Everything from the line with "Migration Assistant app in MacOS" to the line with "Bài tham dự" in the listing below, both lines included, needs to be copied exactly, apart from the pictures.

Given information section start

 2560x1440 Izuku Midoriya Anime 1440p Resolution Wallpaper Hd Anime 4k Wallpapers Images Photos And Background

Given information section end
Given information section start

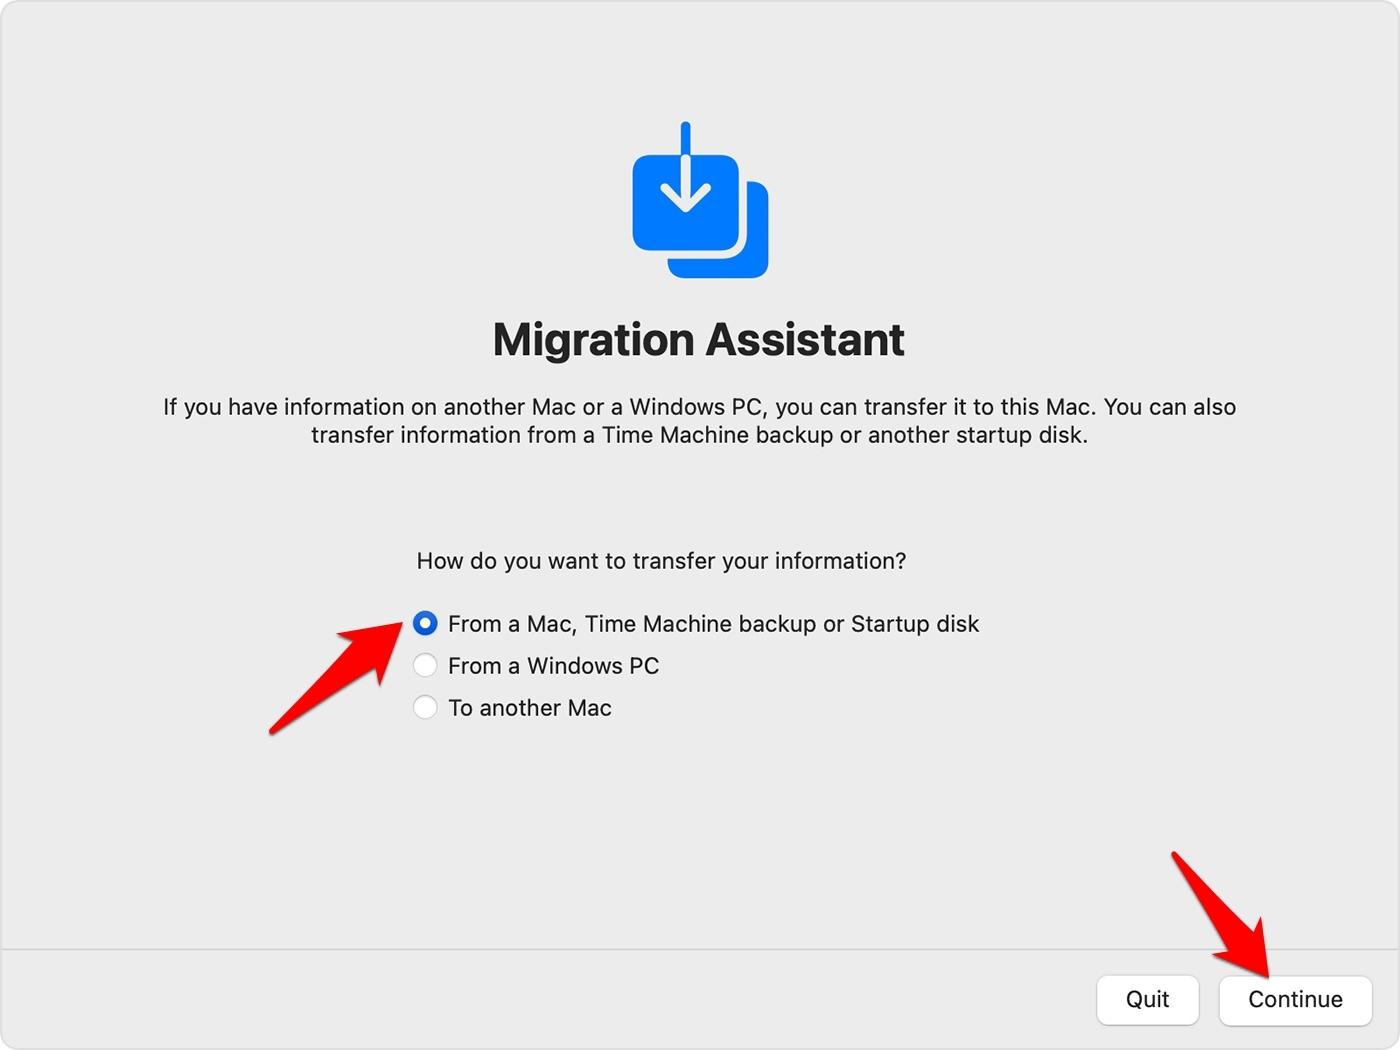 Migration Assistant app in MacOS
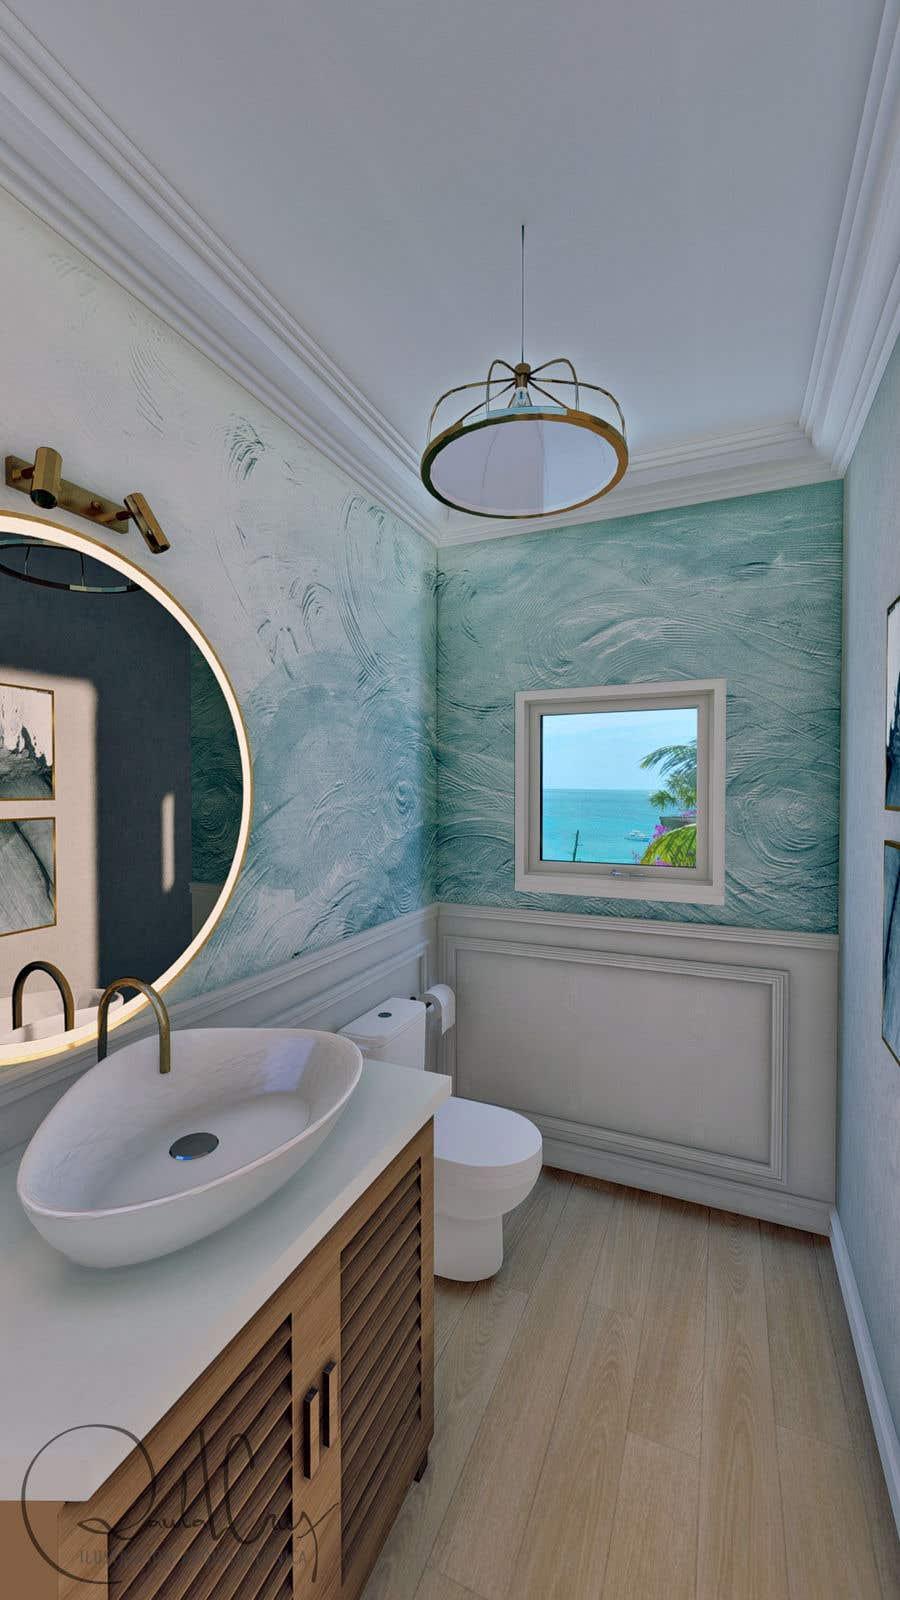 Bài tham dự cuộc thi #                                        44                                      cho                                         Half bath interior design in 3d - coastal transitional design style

Given information section end

Answer section
 Migration Assistant app in MacOS
 Bài tham dự cuộc thi #                                        44                                      cho                                         Half bath interior design in 3d - coastal transitional design style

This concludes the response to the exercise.